What changes were proposed in this PR?

Stop version-tracking the betterproto-generated Python files under amber/src/main/python/proto/. Add a genPythonProto sbt task that runs bin/python-proto-gen.sh as a dependency of WorkflowExecutionService/Compile/compile, with a graceful skip when protoc is missing. Wire protoc 3.19.4 (matching PB.protocVersion) and betterproto[compiler]==2.0.0b7 into the three image build stages (worker,master, web-app) and the three CI jobs that touch Python proto (python, python-state-materialization-mac, amber-integration). The 14th tracked file (proto/org/apache/texera/web/__init__.py) had no corresponding .proto source and is gone after regen; grep confirms no callers.
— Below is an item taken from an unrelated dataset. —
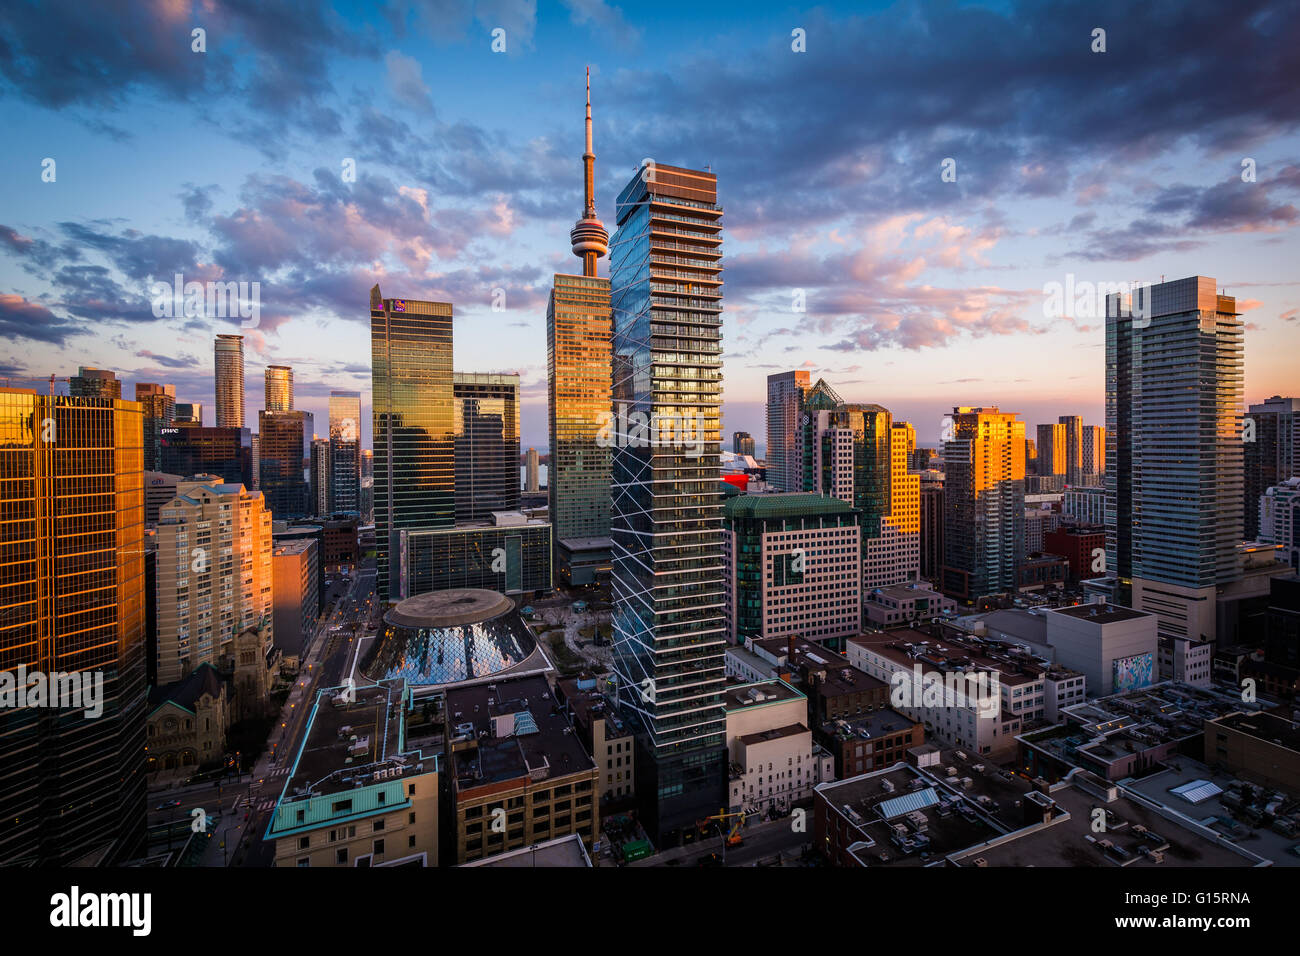 View of modern buildings at sunset in downtown Toronto, Ontario. Stock Photo
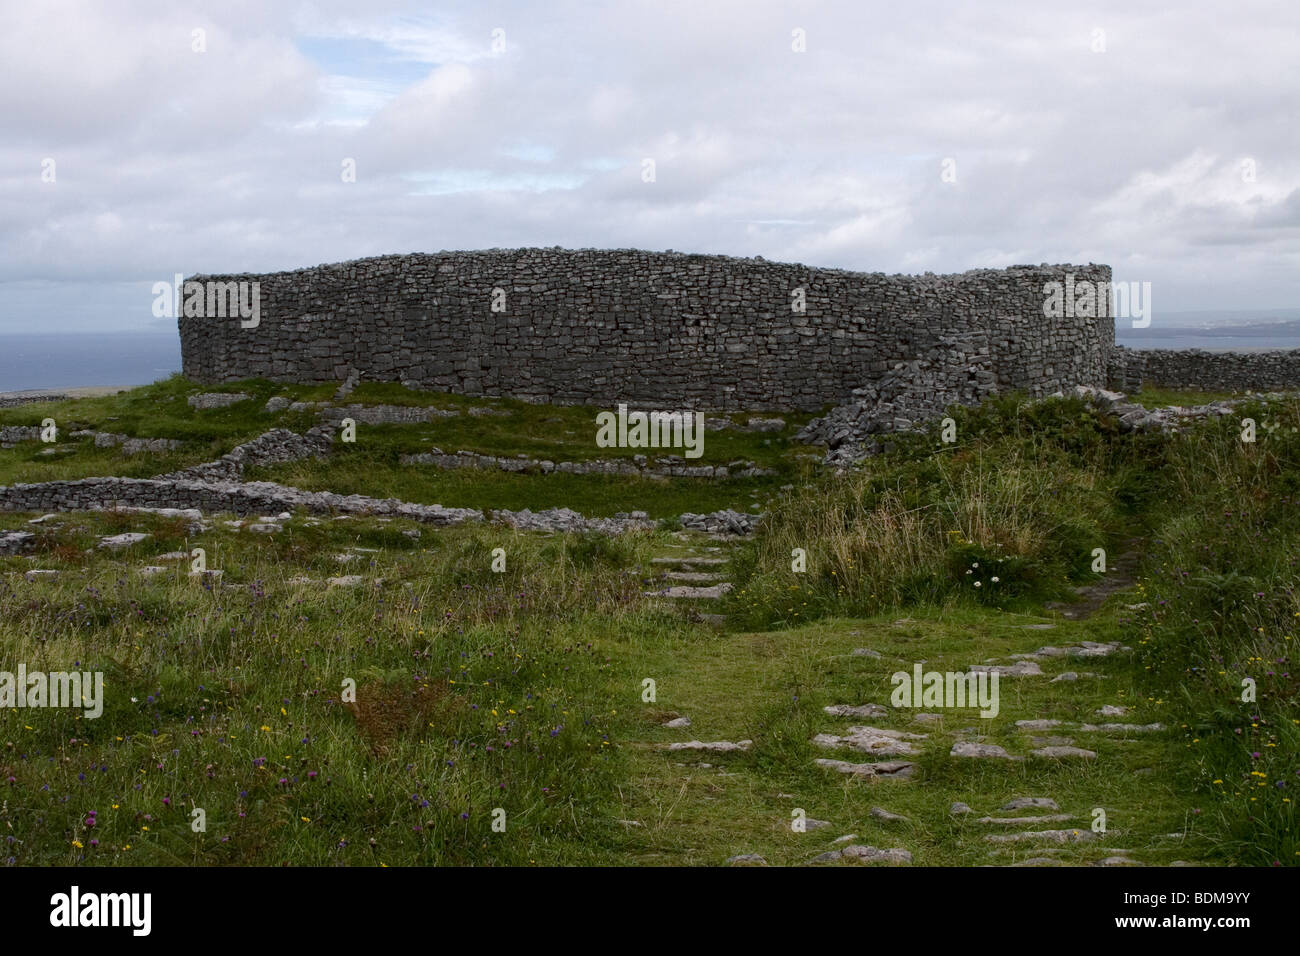 Old Fort constructed of stones, near lighthouse, Inis Mor (Inismore) Island, Aran Islands, County Galway, Ireland Stock Photo

Any related issues, documentation, or discussions?

Closes: #4102

How was this PR tested?

locally: sbt clean WorkflowExecutionService/compile regenerates the tree and pytest -m "not integration" passes; skip path verified with protoc absent. All three Docker images build end-to-end. CI covers the workflow YAML on
push.

Was this PR authored or co-authored using generative AI tooling?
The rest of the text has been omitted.